View Article: PubMed Central - HTML - PubMed

Affiliation: United States Department of Agriculture ARS Livestock Issues Research Unit, Lubbock, TX, USA. sdowd@lbk.ars.usda.gov

ABSTRACT

Background: Chronic wound pathogenic biofilms are host-pathogen environments that colonize and exist as a cohabitation of many bacterial species. These bacterial populations cooperate to promote their own survival and the chronic nature of the infection. Few studies have performed extensive surveys of the bacterial populations that occur within different types of chronic wound biofilms.

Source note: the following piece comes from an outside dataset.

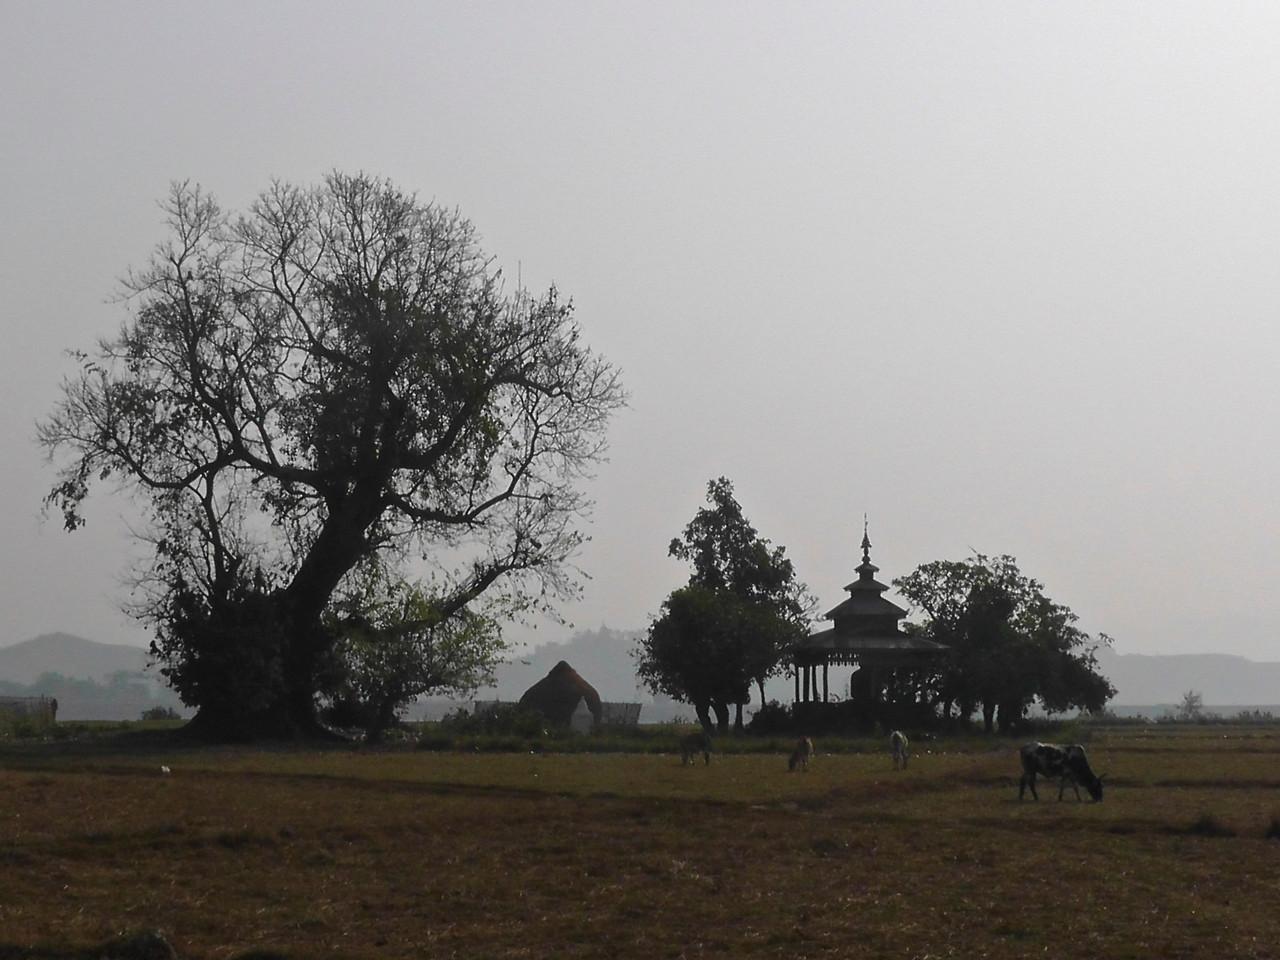 Burma-Arakan-Lemro River 264

The use of 3 separate16S-based molecular amplifications followed by pyrosequencing, shotgun Sanger sequencing, and denaturing gradient gel electrophoresis were utilized to survey the major populations of bacteria that occur in the pathogenic biofilms of three types of chronic wound types: diabetic foot ulcers (D), venous leg ulcers (V), and pressure ulcers (P).

Results: There are specific major populations of bacteria that were evident in the biofilms of all chronic wound types, including Staphylococcus, Pseudomonas, Peptoniphilus, Enterobacter, Stenotrophomonas, Finegoldia, and Serratia spp. Each of the wound types reveals marked differences in bacterial populations, such as pressure ulcers in which 62% of the populations were identified as obligate anaerobes. There were also populations of bacteria that were identified but not recognized as wound pathogens, such as Abiotrophia para-adiacens and Rhodopseudomonas spp. Results of molecular analyses were also compared to those obtained using traditional culture-based diagnostics. Only in one wound type did culture methods correctly identify the primary bacterial population indicating the need for improved diagnostic methods.

Conclusion: If clinicians can gain a better understanding of the wound's microbiota, it will give them a greater understanding of the wound's ecology and will allow them to better manage healing of the wound improving the prognosis of patients. This research highlights the necessity to begin evaluating, studying, and treating chronic wound pathogenic biofilms as multi-species entities in order to improve the outcomes of patients. This survey will also foster the pioneering and development of new molecular diagnostic tools, which can be used to identify the community compositions of chronic wound pathogenic biofilms and other medical biofilm infections.